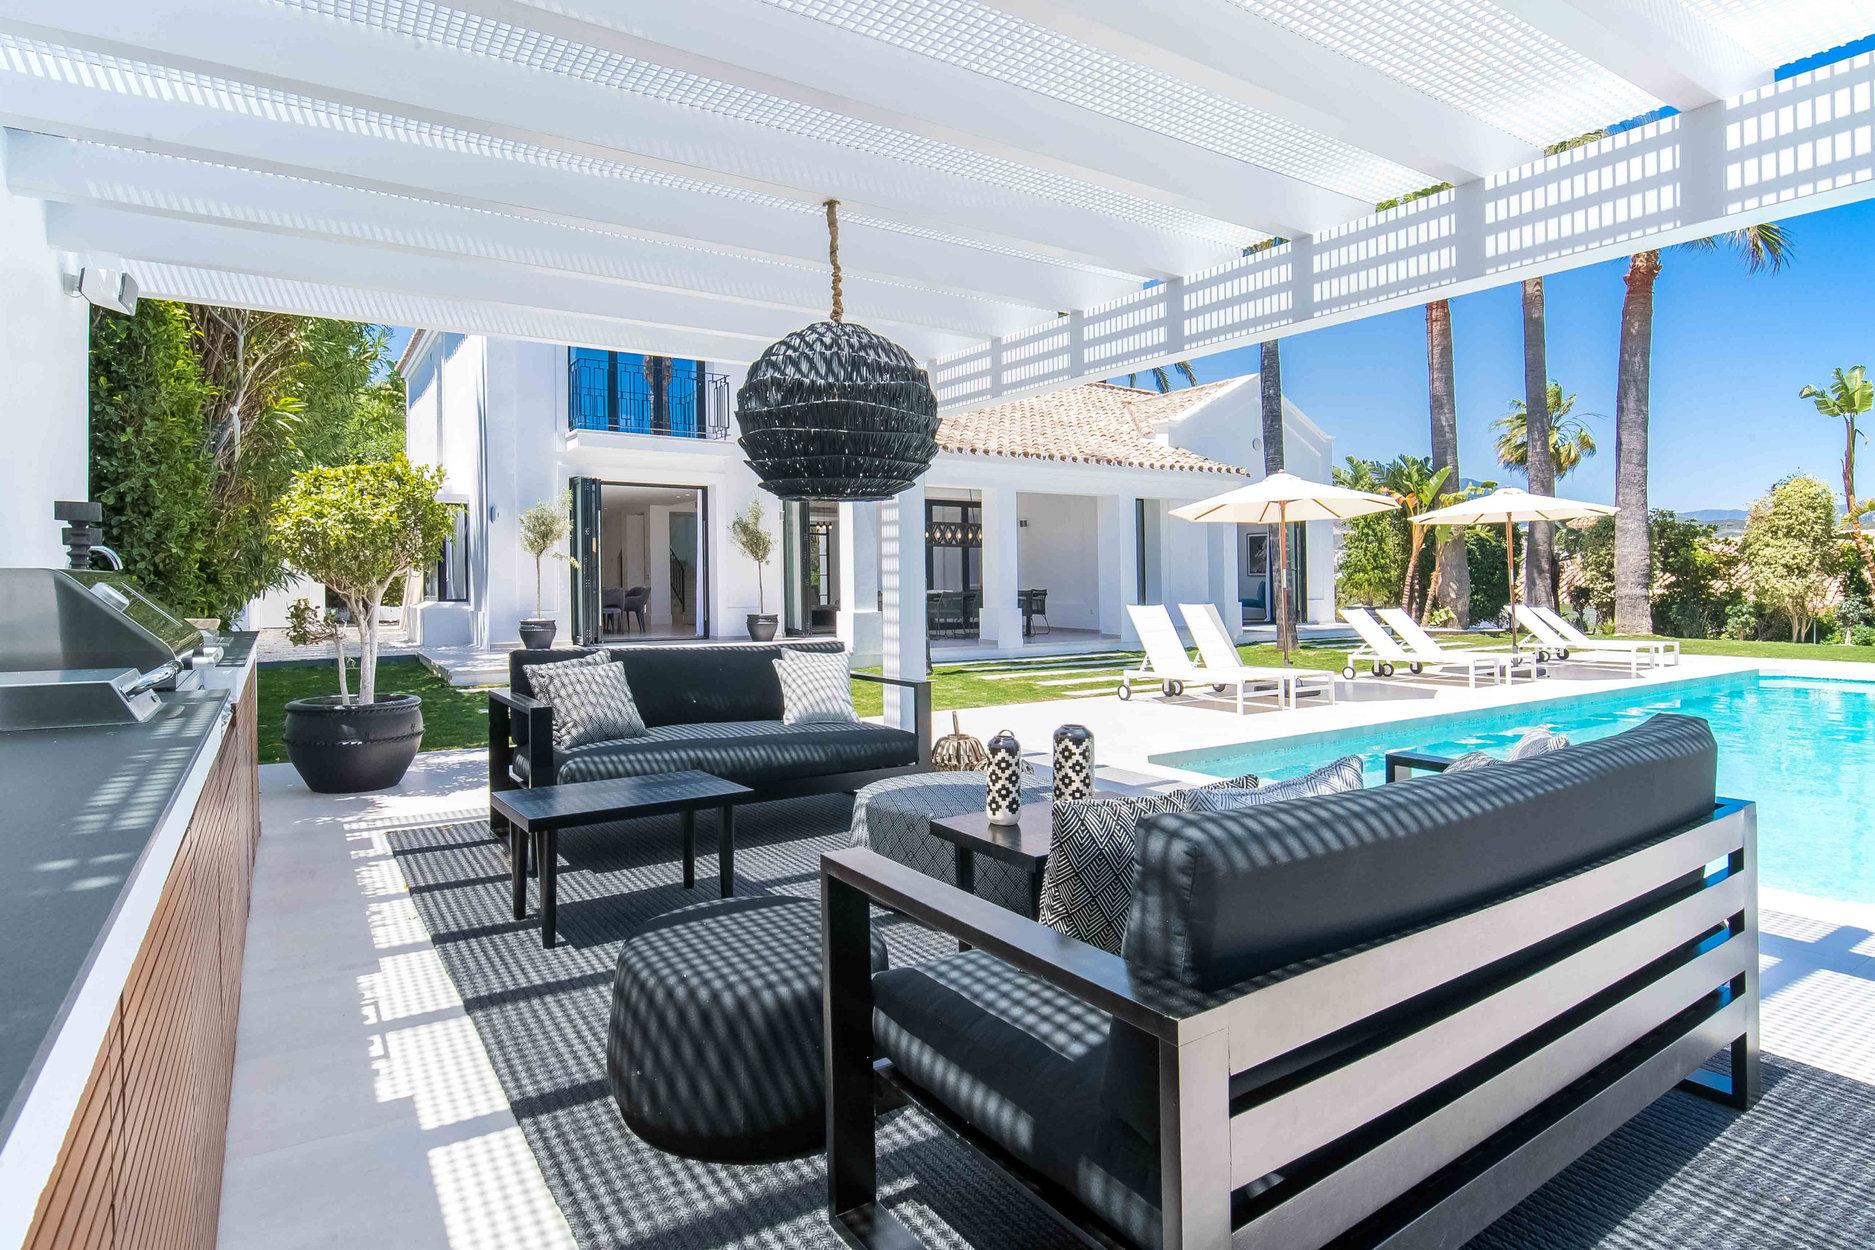 Villa For Sale in Nueva Andalucia, Marbella
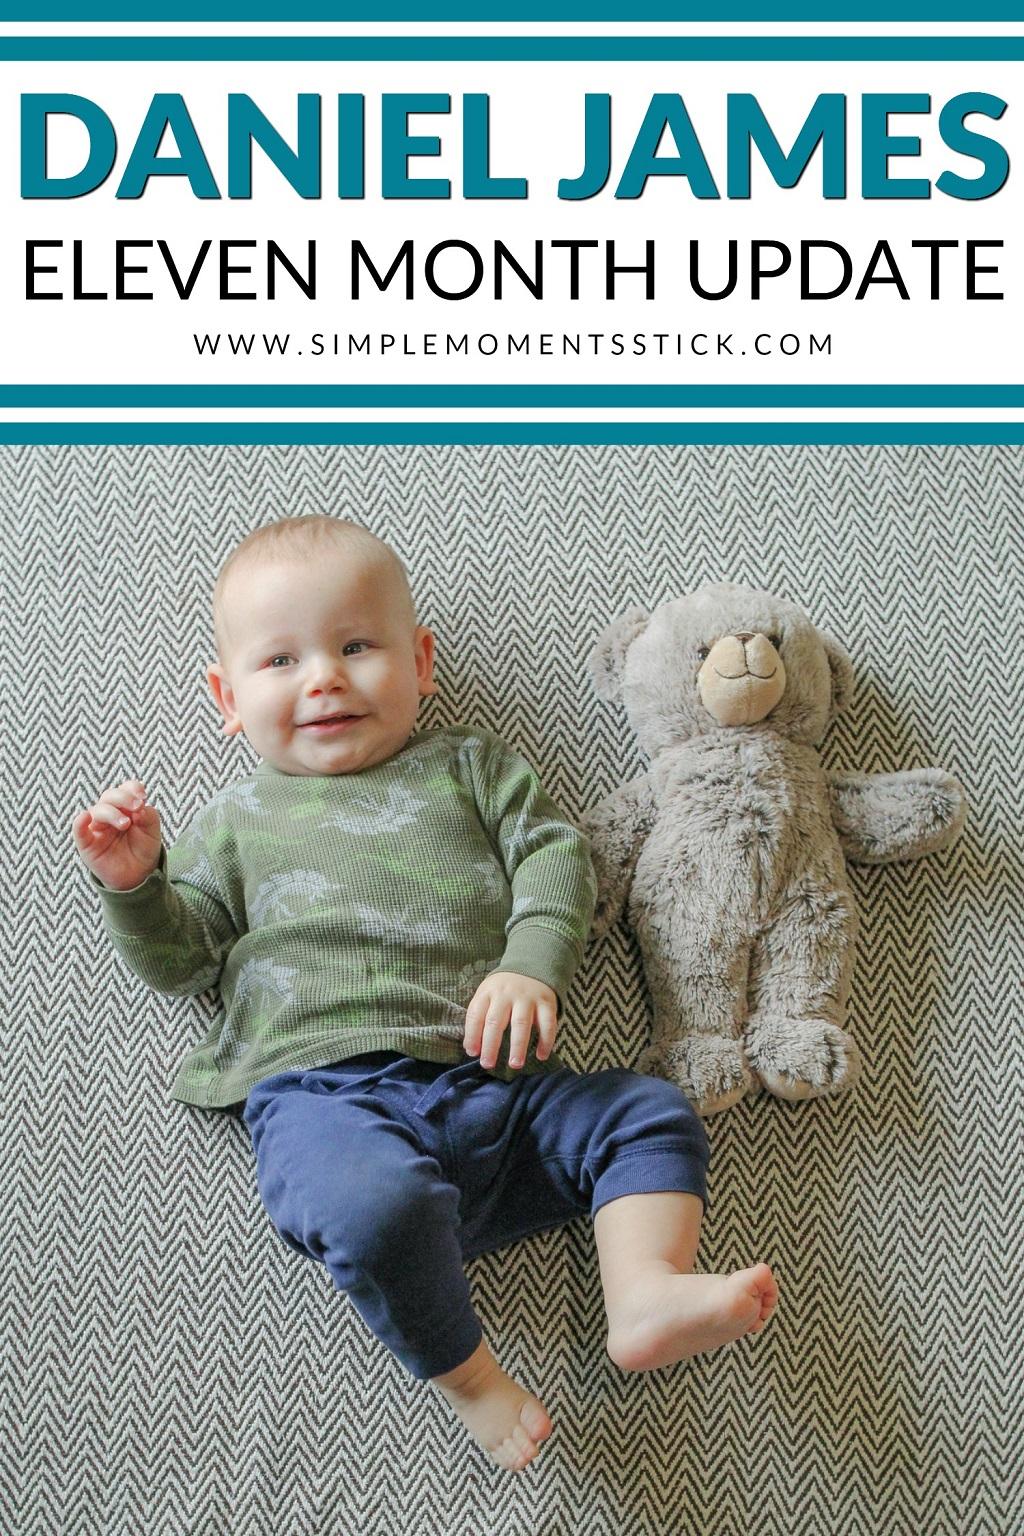 Eleven month update
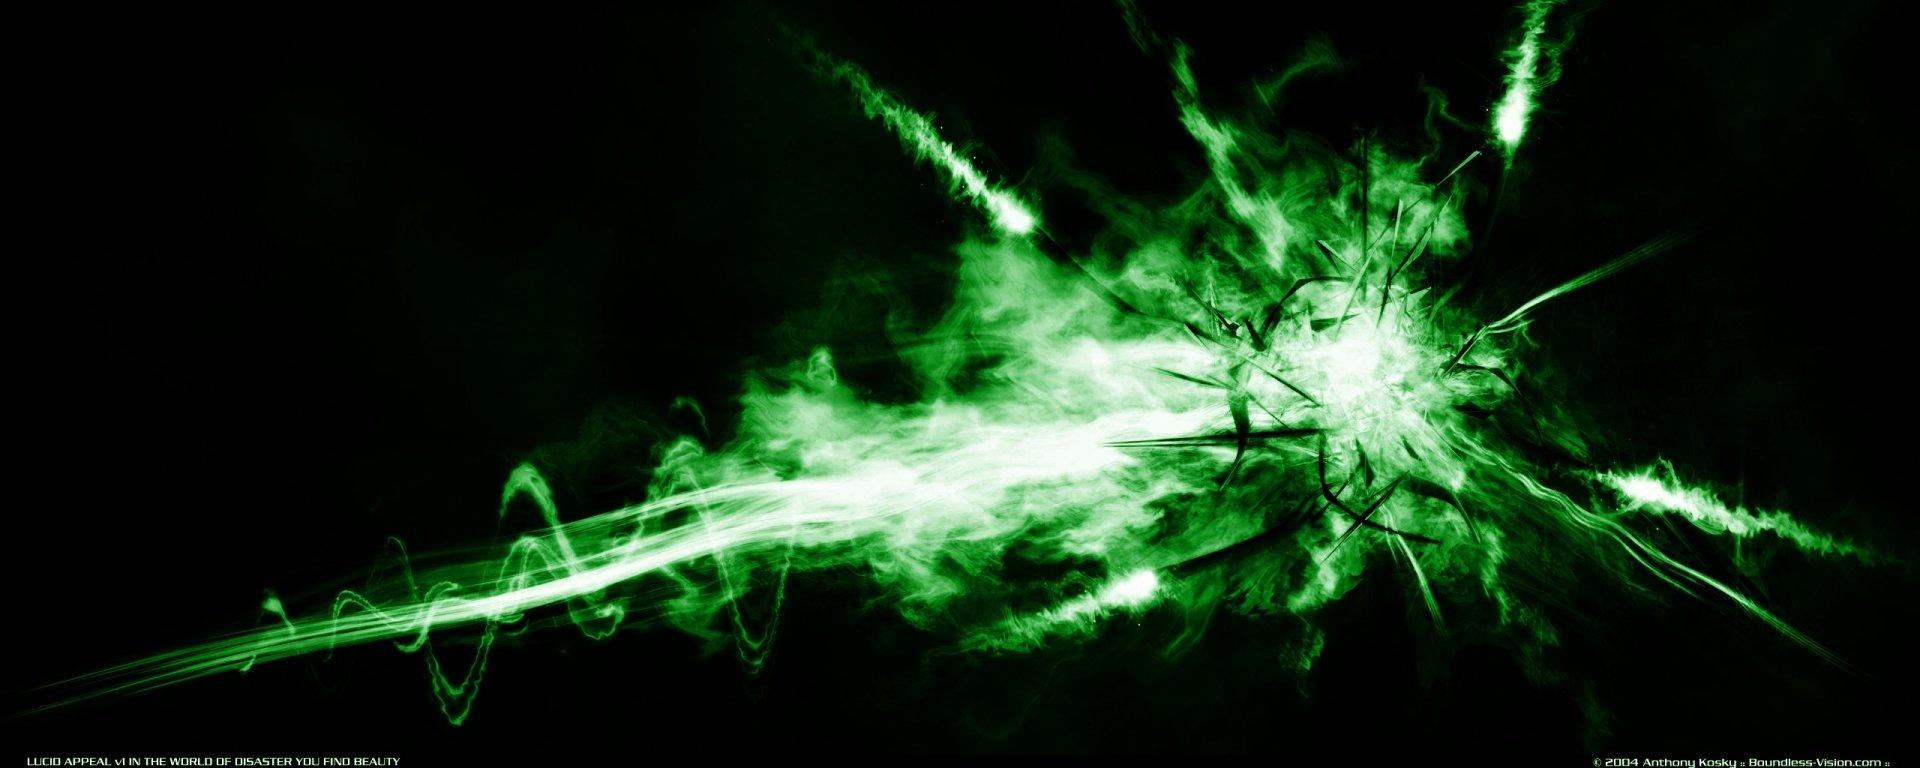 Abstrakt - Grün  Explosion Wallpaper
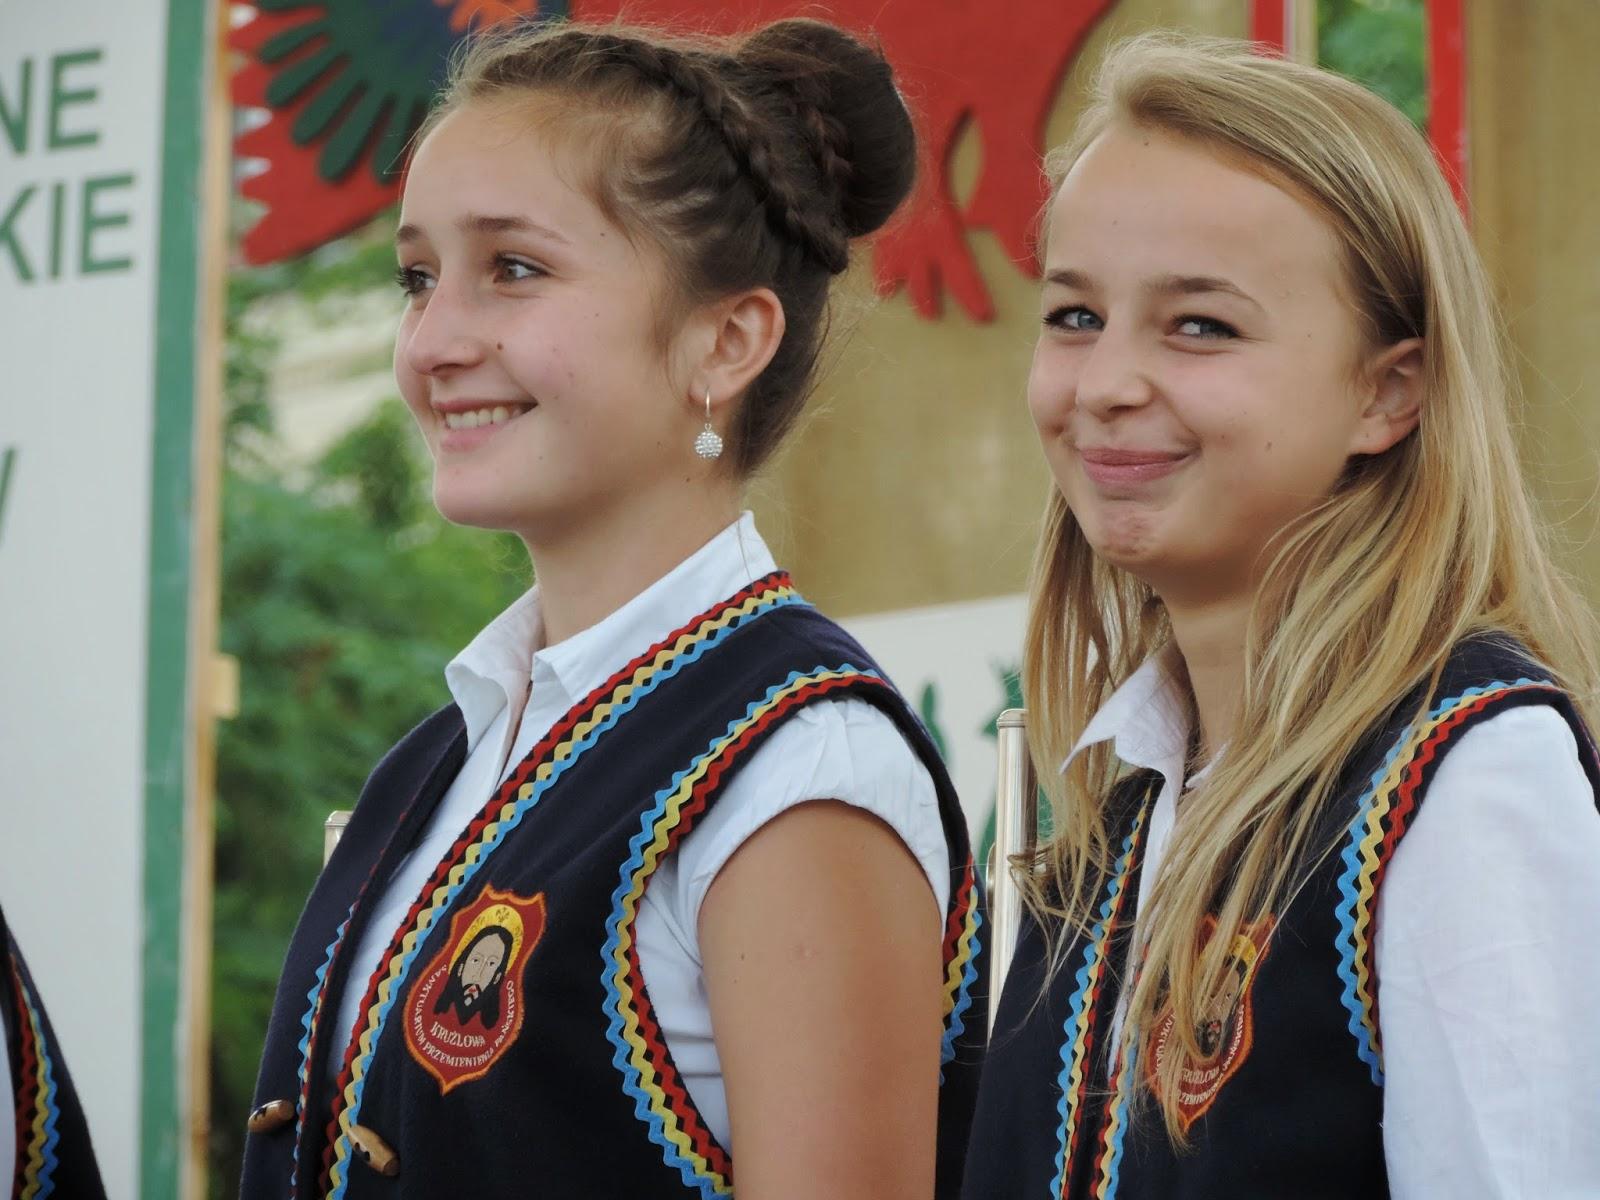 Członkinie zespołu muzycznego | Two young musicians in a presentation
# # # # #
Please return only the lines from the one holding "Eleven month update" through the end of the data, both ends included; do not copy any pictures.

 Eleven month update
 Abstrakt - Grün  Explosion Wallpaper
 Członkinie zespołu muzycznego | Two young musicians in a presentation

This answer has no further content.